• EXERCISE INSTRUCTIONS: Start to finish, return the listing below exactly, pictures excluded.

• STORED DATA:
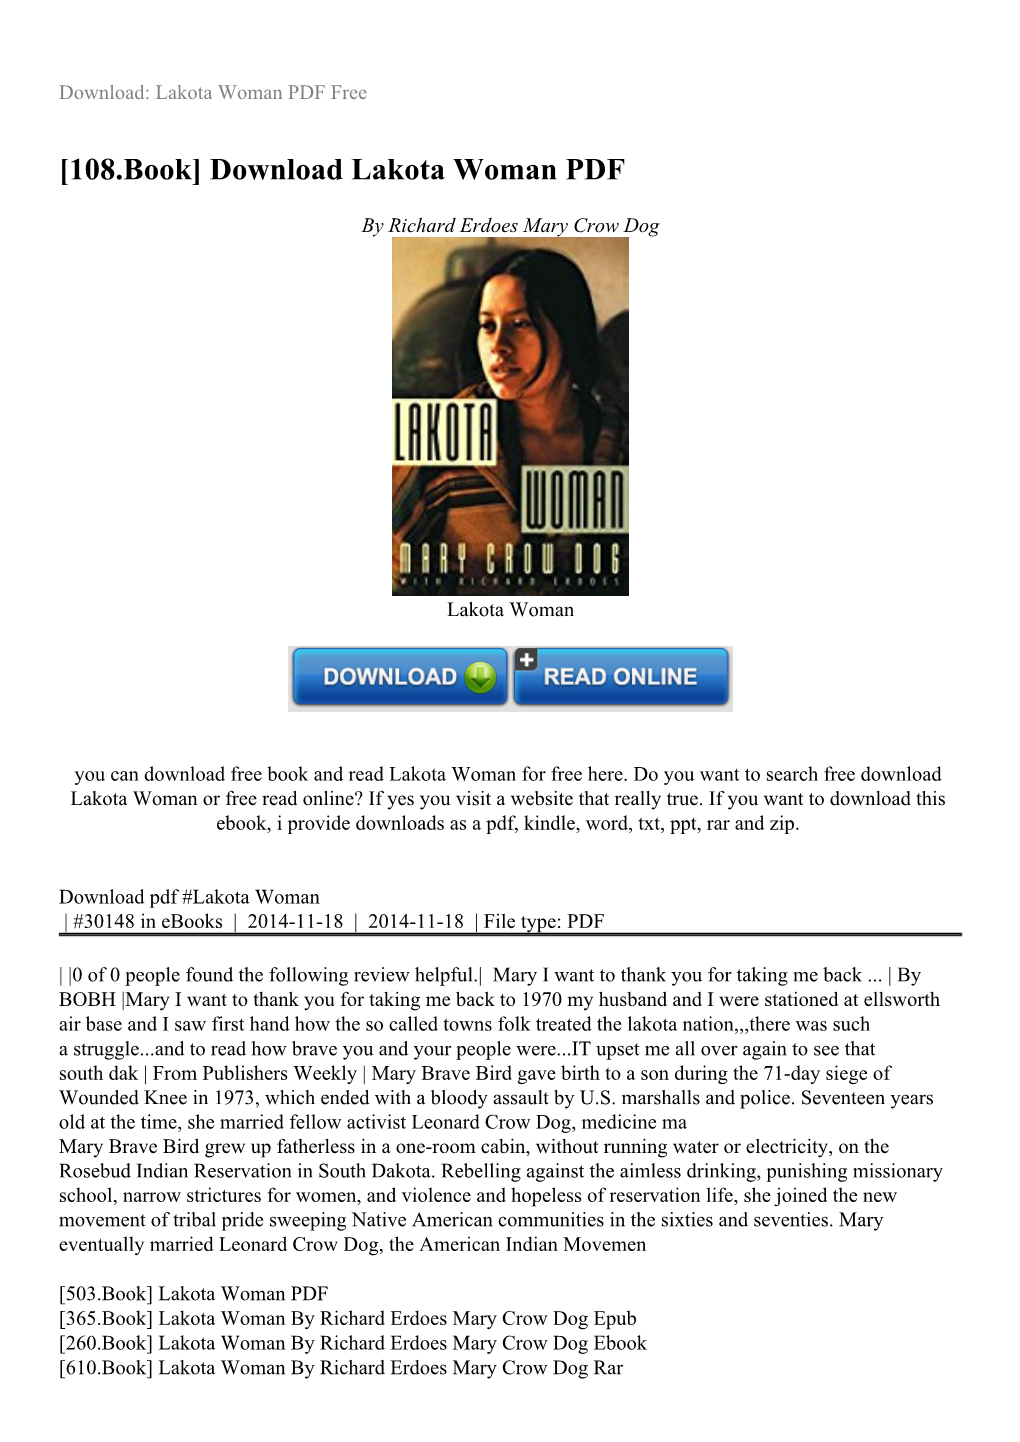 Download Lakota Woman PDF
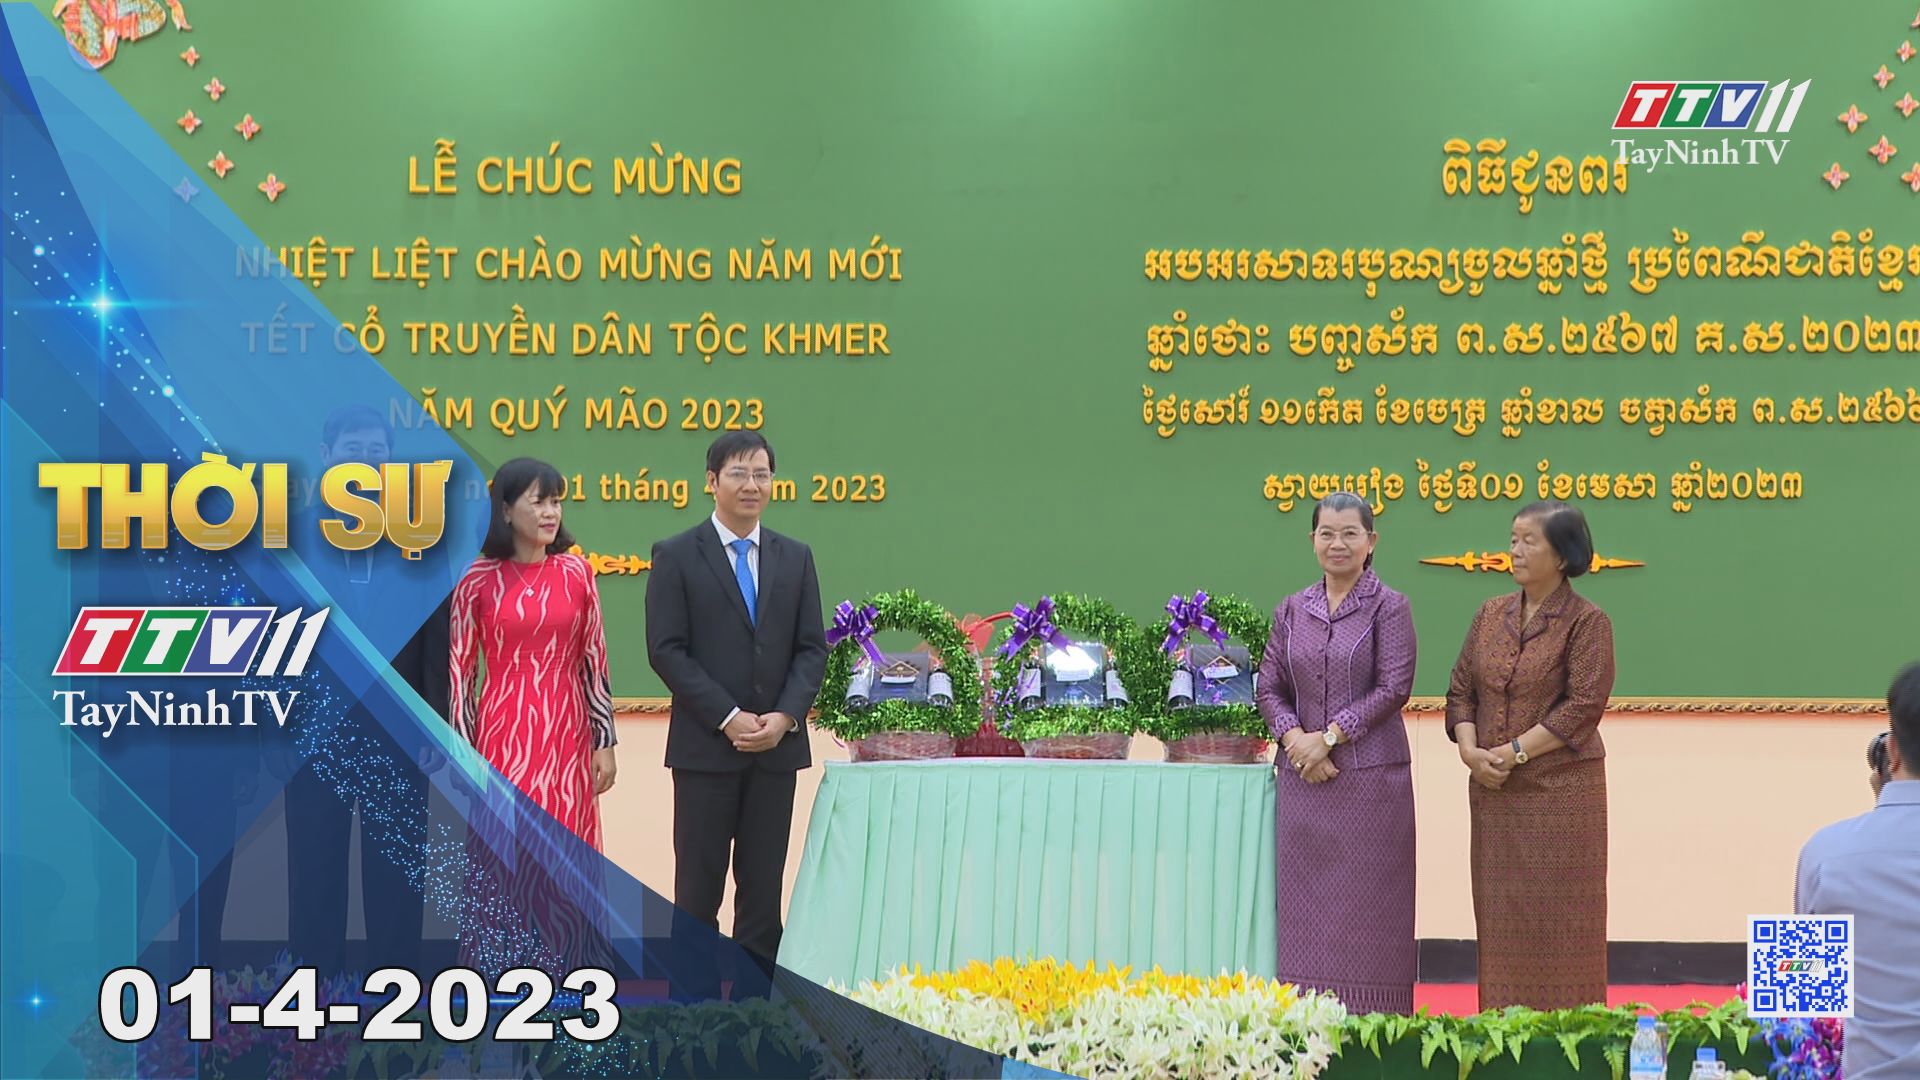 Thời sự Tây Ninh 01-4-2023 | Tin tức hôm nay | TayNinhTV
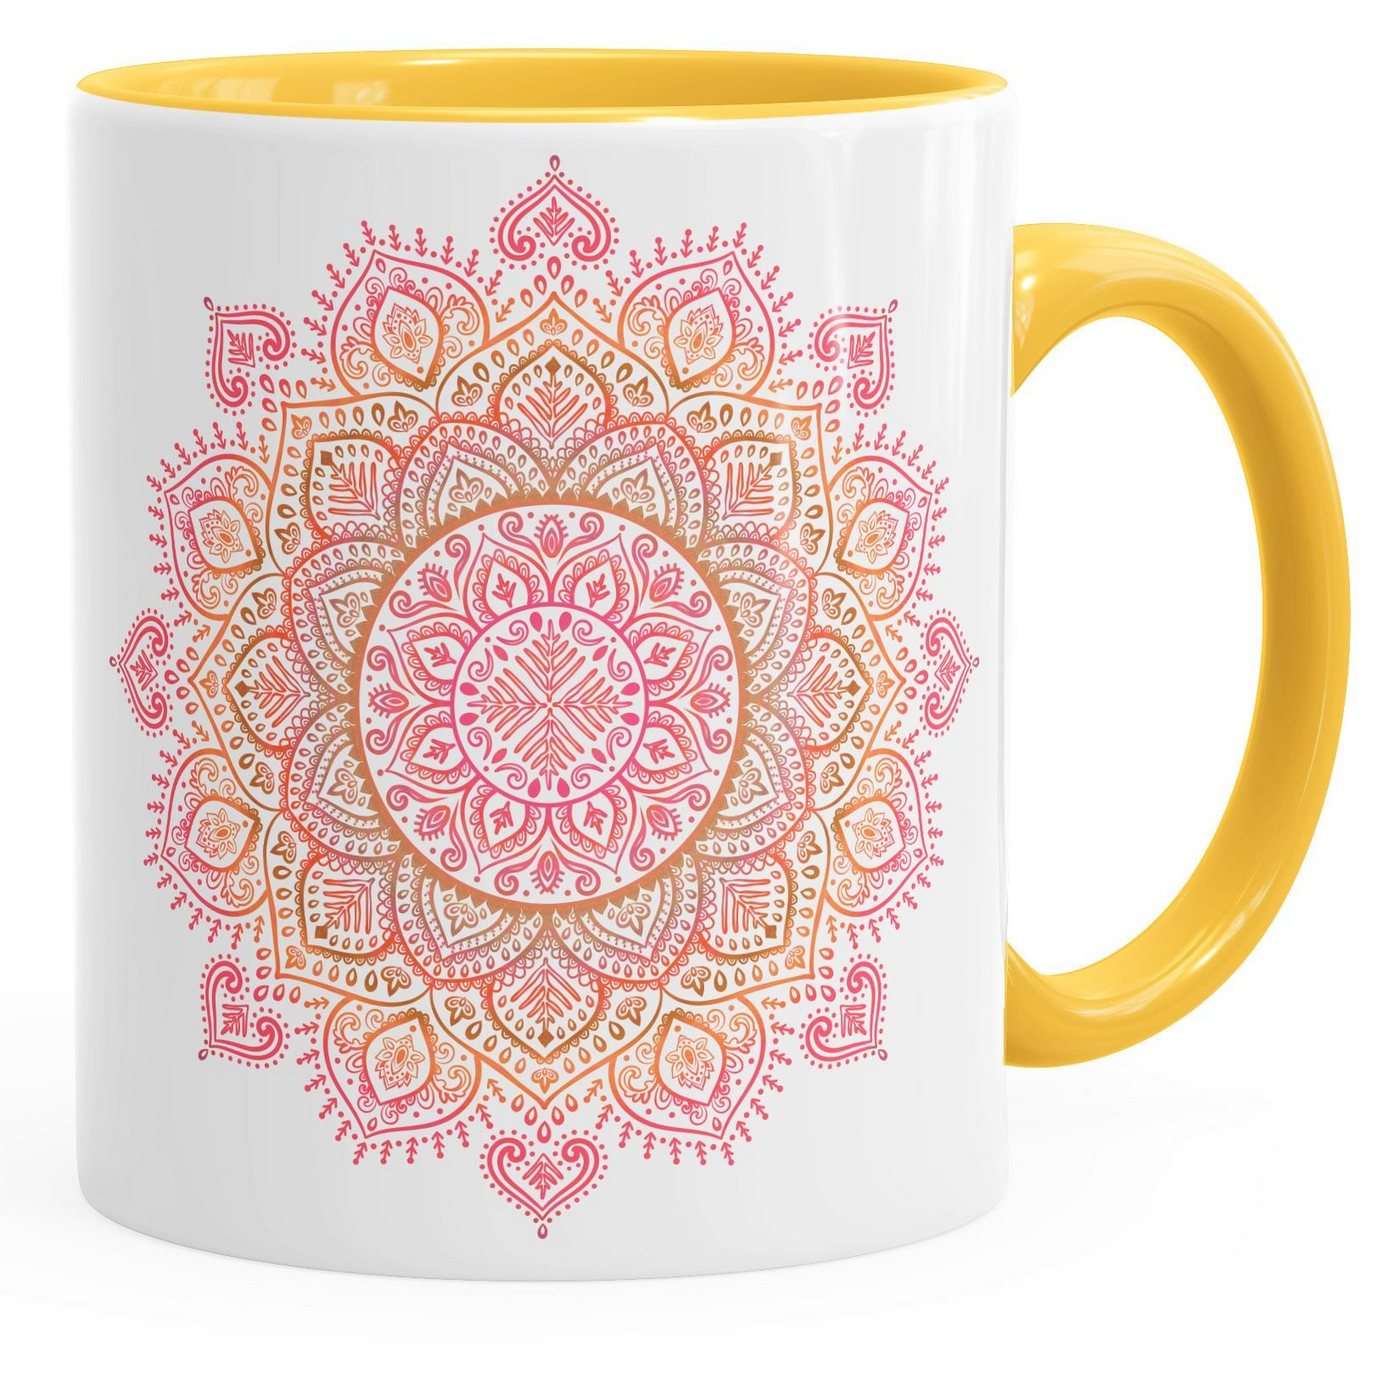 Autiga Tasse Kaffee-Tasse Mandala Ethno Boho Kaffeetasse Teetasse Keramiktasse mit Innenfarbe Autiga®, Keramik von Autiga

• EXERCISE SOLUTION:
 Download Lakota Woman PDF
 Thời sự Tây Ninh 01-4-2023 | Tin tức hôm nay | TayNinhTV
 Autiga Tasse Kaffee-Tasse Mandala Ethno Boho Kaffeetasse Teetasse Keramiktasse mit Innenfarbe Autiga®, Keramik von Autiga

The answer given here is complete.